Implementation of the parallel mean shift-based image segmentation algorithm on a GPU cluster
Published in International Journal of Digital Earth, 2019
Fang Huang, Yinjie Chen, Li Li, Ji Zhou, Jian Tao, Xicheng Tan, Guangsong Fan
Although parallelization of the serial mean shift algorithm achieved a high speedup ratio on heterogeneous platforms, the time consumption of this algorithm on a single GPU system is still a major barrier to making it really useful (Li and Xiao 2009; Zhou, Zhao, and Ma 2010), especially when the data volume reaches a certain level. In particular, when detecting changes in multi-temporal RS images, a single GPU is just not powerful enough to finish the task in a timely manner. Because of the excellent cost-to-performance ratio of GPU-based heterogeneous systems, in recent years, many researchers began to carry out research on GPU clusters. For instance, Zhang et al. (2010) used an MPI + OpenMP + CUDA hybrid programming model to accelerate high-resolution molecular dynamics simulations of proteins on an eight-node GPU cluster and achieved very good speedup. To solve data localization problems in a large-scale parallel fast Fourier transformation (FFT) algorithm, Chen et al. implemented the Peking University FFT (PKUFFT) algorithm that transformed 512GB 3D on a 16-node GPU cluster. In comparisons with the FFTW and Intel MKL libraries, Chen, Cui, and Mei (2010) achieved speedups of 24.3 and 7, respectively. In a study on parallel programming interfaces for GPU clusters, Fan, Qiu, and Kaufman (2008) proposed a GPU cluster common programming framework called Zippy in 2008. Zippy used the GA (Nieplocha et al. 2006) library, Cg libraries, OpenGL libraries, and CUDA to achieve non-uniform memory access and two-level parallel mechanisms to resolve data inconsistencies in GPU memory across the cluster. In 2009, Lawlor developed a cudaMPI library for general-purpose computing using the MPI + CUDA hybrid programming model (Lawlor 2009).

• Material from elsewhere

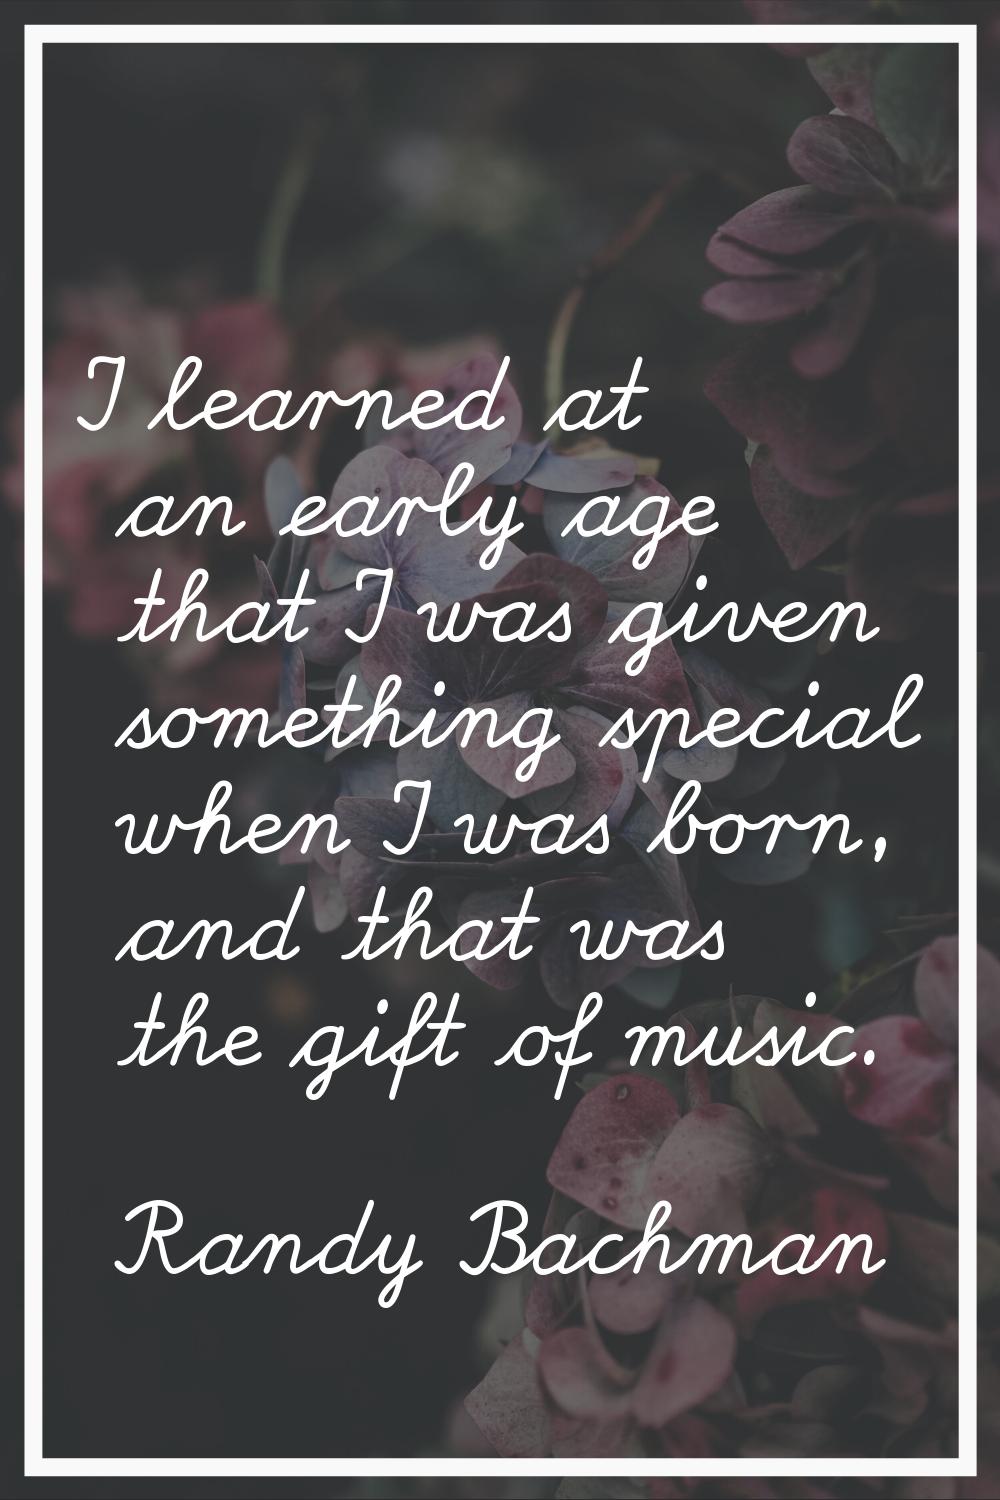 I learned at an early age that I was given something special when I was born, and that was the gift

This library provided an application programming interface (API) similar to that of the MPI communication interface, but was available for NVIDIA GPU clusters only. Kim et al. (2012) proposed a common programming framework for CPU/GPU heterogeneous clustering using MPI + OpenCL hybrid programming to reduce the complexity of GPU cluster programming and solve the problem of poor maintenance and poor portability of GPU cluster applications. SnuCL, by packaging MPI communication functions with an OpenCL API, provides users an AP that supports GPU cluster communication (Kim et al.2012). SnuCL scales well in small and medium-sized GPU clusters.